Dvorak Technique - Evolution of The Method

Evolution of The Method

The initial development of this technique occurred in 1969 by Vernon Dvorak, using satellite pictures of tropical cyclones within the northwest Pacific ocean. The system as it was initially conceived involved pattern matching of cloud features with a development and decay model. As the technique matured through the 1970s and 1980s, measurement of cloud features became dominant in defining tropical cyclone intensity and central pressure of the tropical cyclone's low-pressure area. Use of infrared satellite imagery led to a more objective assessment of the strength of tropical cyclones with eyes, using the cloud top temperatures within the eyewall and contrasting them with the warm temperatures within the eye itself. Constraints on short term intensity change are used less frequently than they were back in the 1970s and 1980s. The central pressures assigned to tropical cyclones have required modification, as the original estimates were 5-10 hPa (0.15-0.29 inHg) too low in the Atlantic and up to 20 hPa (0.59 inHg) too high in the northwest Pacific. This led to the development of a separate wind-pressure relationship for the northwest Pacific, devised by Atkinson and Holliday in 1975, then modified in 1977.

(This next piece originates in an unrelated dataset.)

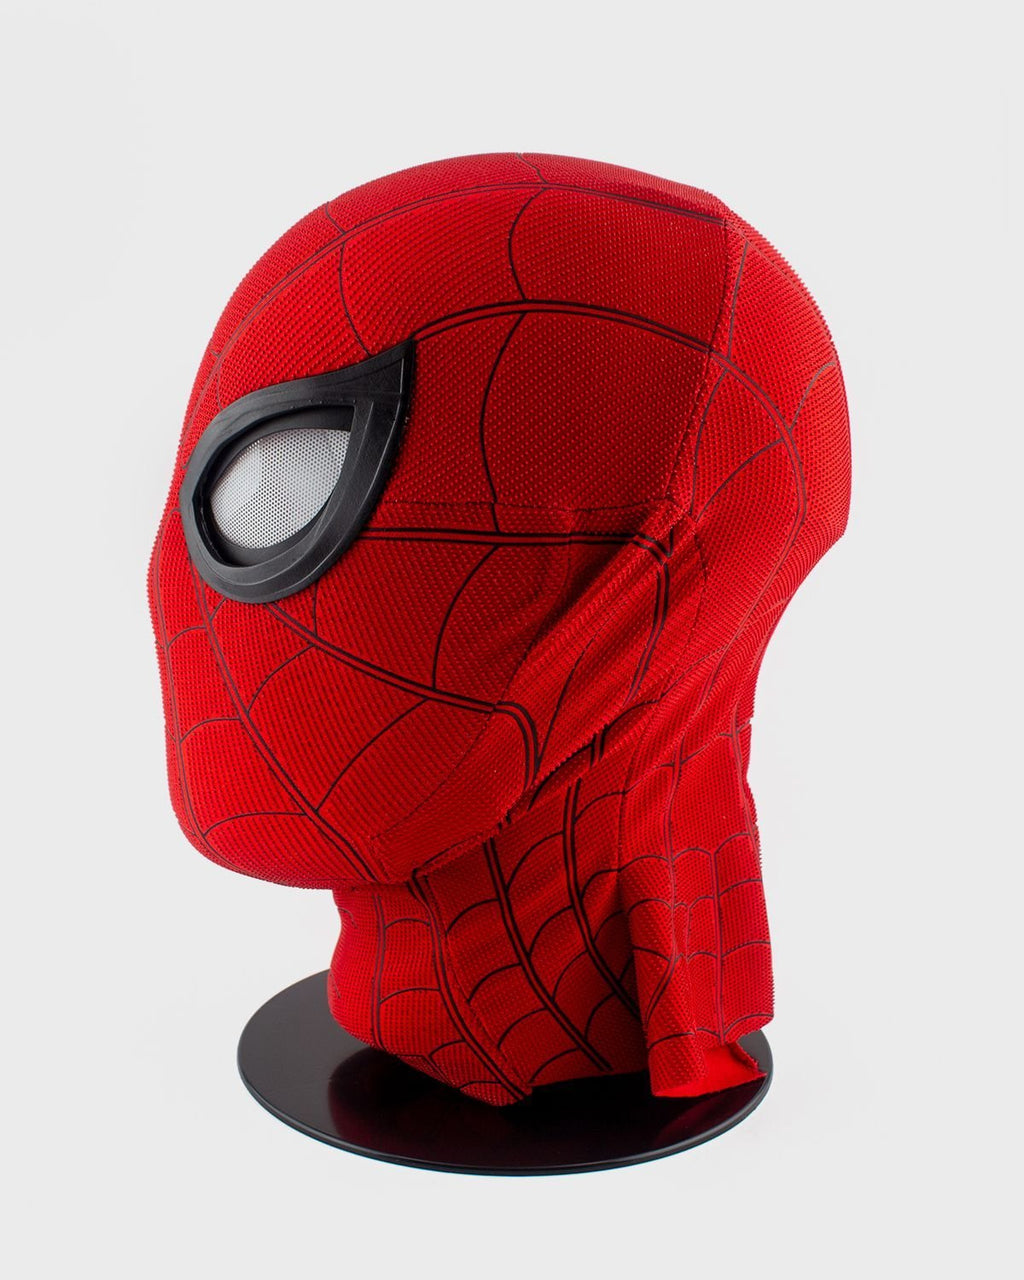 Spider Hero Mask Remote Control Movable Mechanical Eyes Spider Super Hero  Full Mask Moving Lenses Cosplay Wearable Movie Prop Homecoming mask Man for
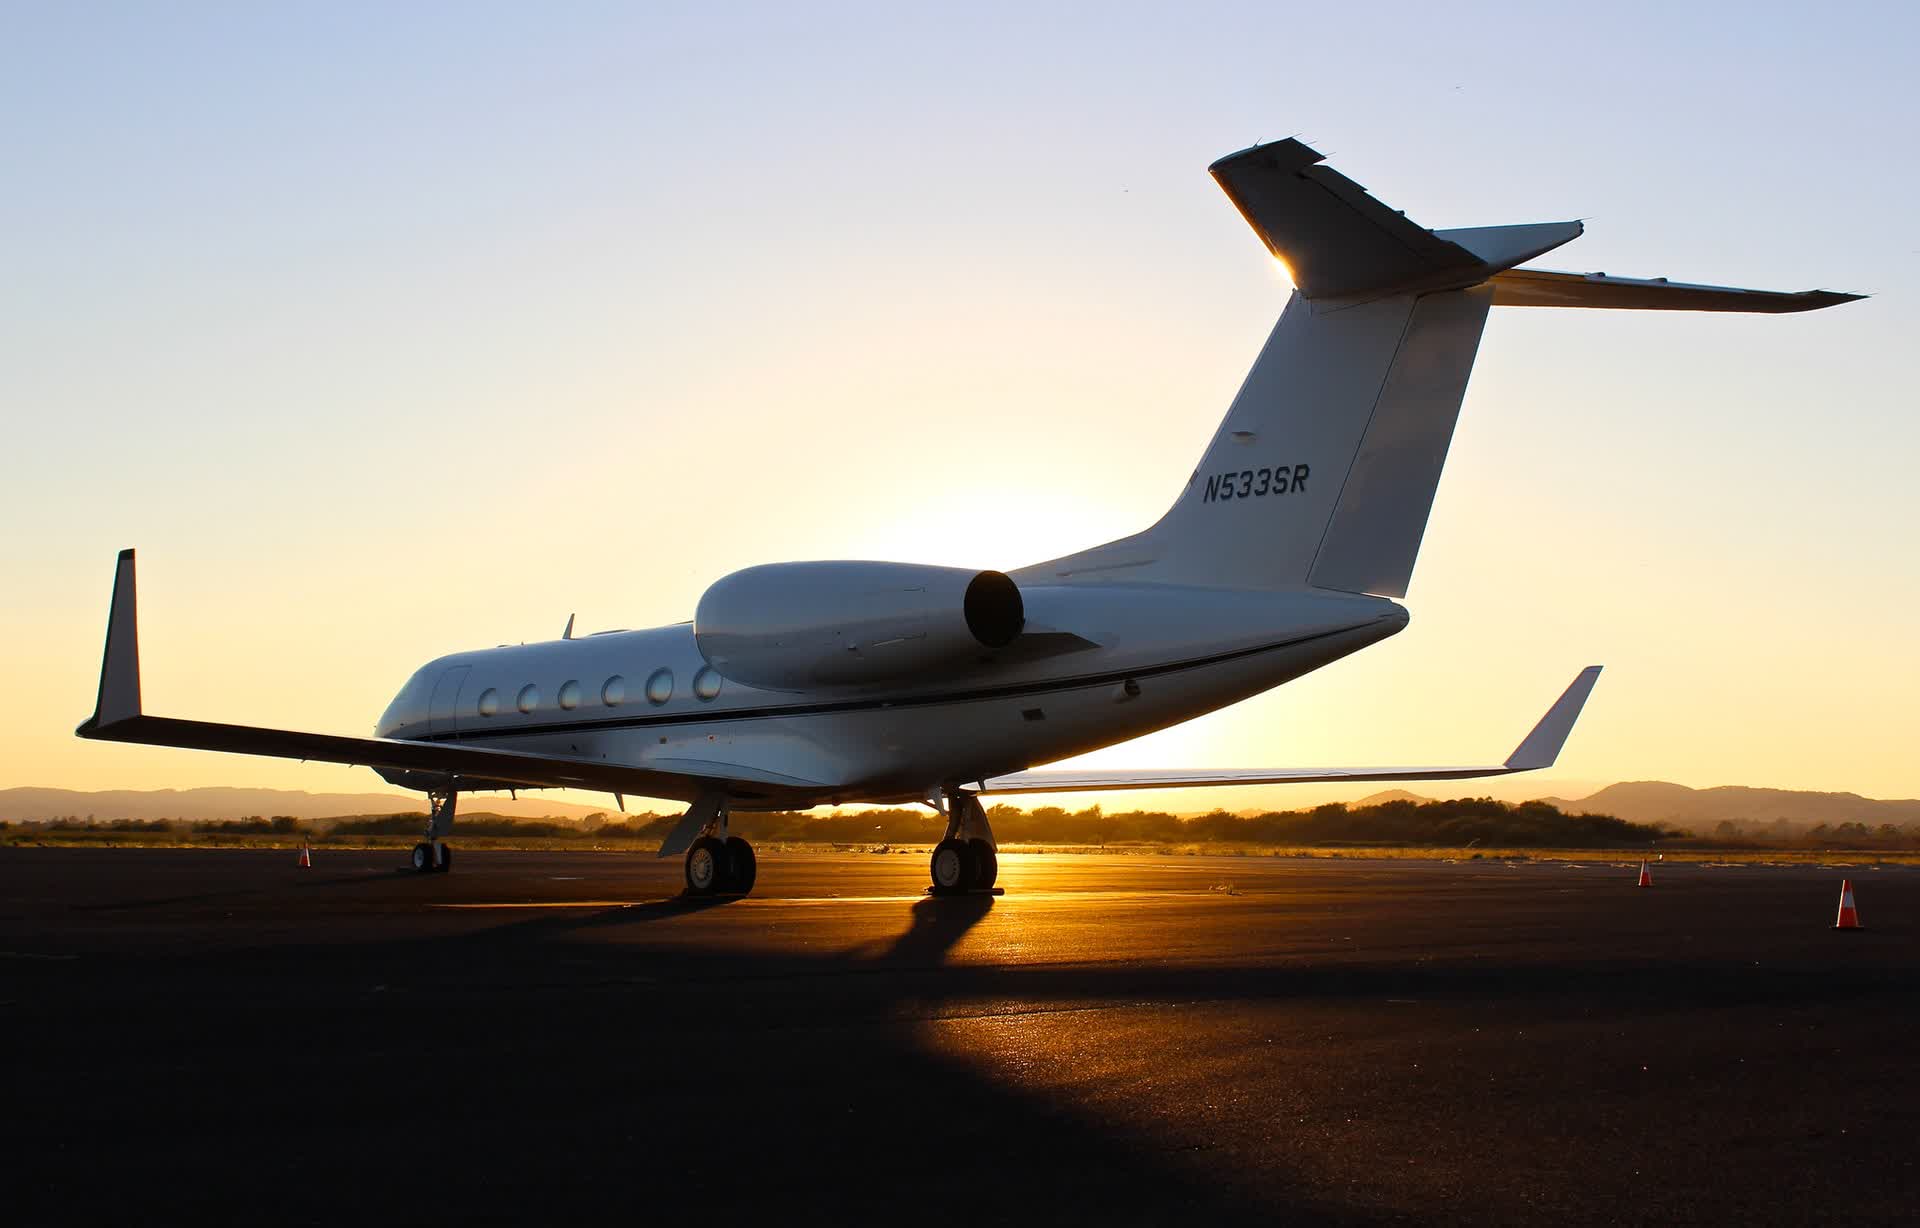 World's second-richest person sells private jet to stop Twitter users tracking it

As human analysts using the technique lead to subjective biases, efforts have been made to make more objective estimates using computer programs, which have been aided by higher-resolution satellite imagery and more powerful computers. Since tropical cyclone satellite patterns can fluctuate over time, automated techniques use a six-hour averaging period to lead to more reliable intensity estimates. Development of the objective Dvorak technique began in 1998, which performed best with tropical cyclones that had eyes (of hurricane or typhoon strength). It still required a manual center placement, keeping some subjectivity within the process. By 2004, an advanced objective Dvorak technique was developed which utilized banding features for systems below hurricane intensity and to objectively determine the tropical cyclone's center. A central pressure bias was uncovered in 2004 relating to the slope of the tropopause and cloud top temperatures which change with latitude that helped improve central pressure estimates within the objective technique.